La conférence d’Elizabeth Loftus avait lieu dans l’auditorium Jean Piaget, à l’Université Dufour, à Genève. On n’aurait pu imaginer lieu plus adéquat pour parler des illusions de la mémoire et des faux souvenirs. En effet, Jean Piaget raconta son souvenir d’une tentative d’enlèvement, dont il avait fait l’objet à l’âge de deux ans, et dont il ne douta pas jusqu’au jour où, à sa grande surprise, il s’avéra faux. Treize ans après la prétendue tentative d’enlèvement, sa gardienne avait écrit aux parents de Jean Piaget, pour leur avouer qu’elle avait tout inventé. Bien plus tard, Jean Piaget écrivait : « J’ai donc dû entendre comme enfant le récit des faits auxquels mes parents croyaient, et l’ai projeté dans le passé sous la forme d’un souvenir visuel, qui est donc un souvenir de souvenir, mais faux ! »
Elizabeth Loftus évoque tout d’abord les cas de jugements concernant des personnes qui ont passé 5 à 10 ans en prison, en raison d’accusations erronées basées sur des faux souvenirs. La preuve de leur innocence a été apportée par des analyses ADN. Elle cite l’existence de 201 cas de cette nature.
Elle évoque ensuite les accusations basées sur la « mémoire refoulée », et notamment le cas Ramona, une jeune fille de 18 ans qui, au cours d’une psychothérapie, accusa son père devant les tribunaux de l’avoir violée pendant plus de dix ans.
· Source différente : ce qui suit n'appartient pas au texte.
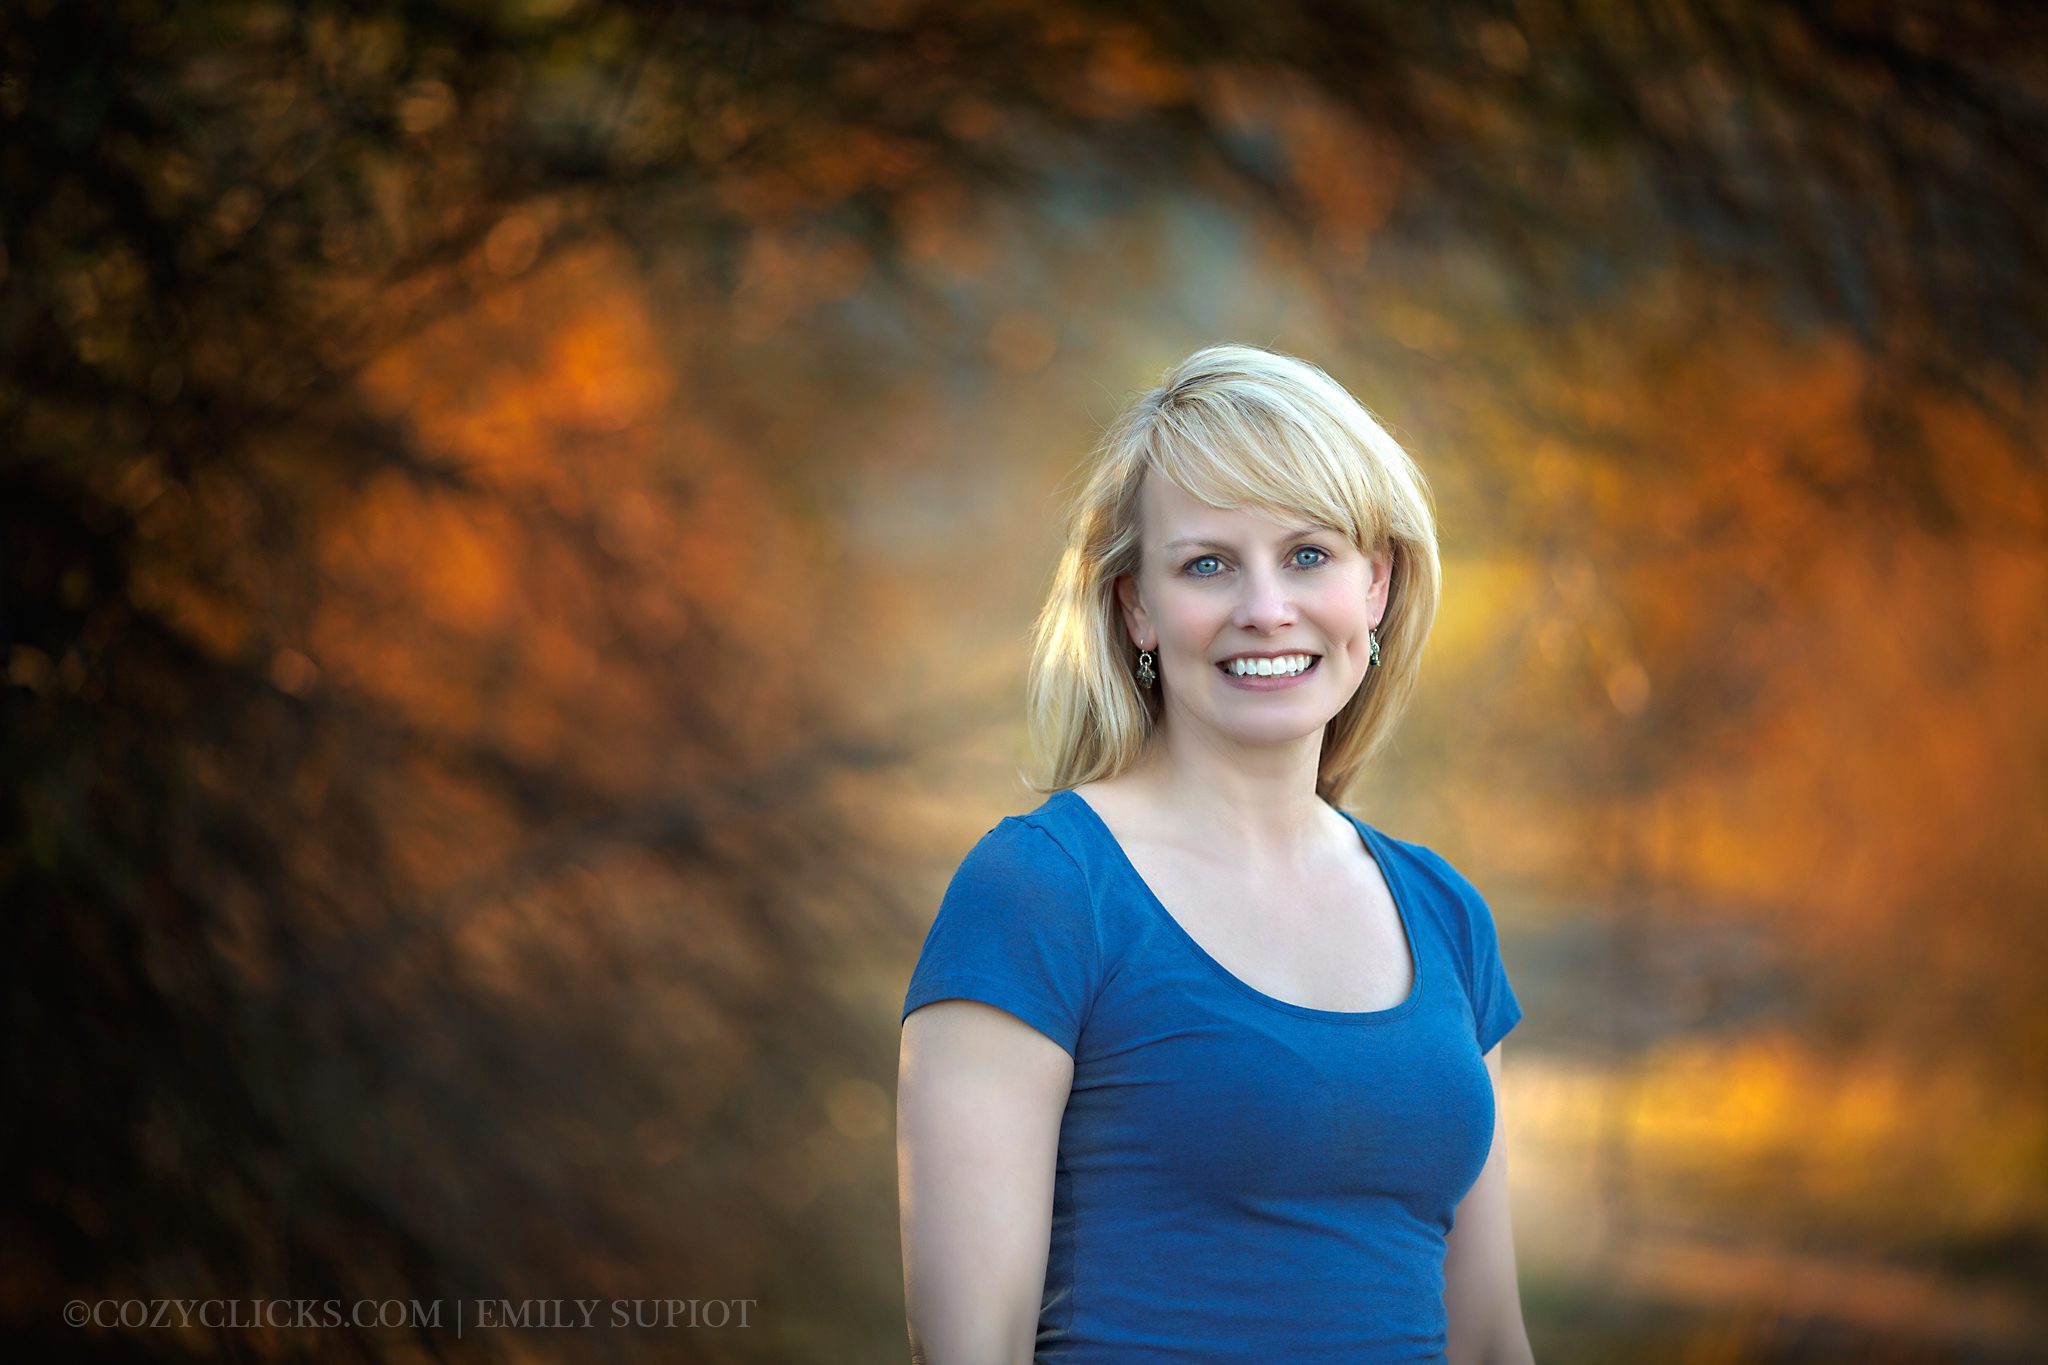 Gorgeous business portrait near a tree outdoors at sunset

Ce cas, pour lequel Elizabeth Loftus fut citée comme témoin, devint exemplaire des faux souvenirs retrouvés en thérapie, car le père (vigneron réputé en Californie) retourna l’accusation contre la thérapeute, et gagna son procès.
Loftus expose ensuite les deux paradigmes de la mémoire :
1) Le paradigme de la désinformation, lorsqu’on expose les gens à une information fausse post-événementielle.
Pour illustrer ce paradigme, Loftus se livre à une expérience en temps réel avec l’auditoire. Elle présente 9 photos de visages masculins, en demandant ensuite à l’auditoire de se souvenir de celles qui ont été présentées auparavant. Elle démontre combien il est facile de générer un faux souvenir, en faisant une simple manipulation sur les visages présentés. En effet, à l’issue du test, 50% de l’auditoire a prétendu avoir vu un visage qui n’en faisait pas partie.
2) Deuxième paradigme : les faux souvenirs enrichis.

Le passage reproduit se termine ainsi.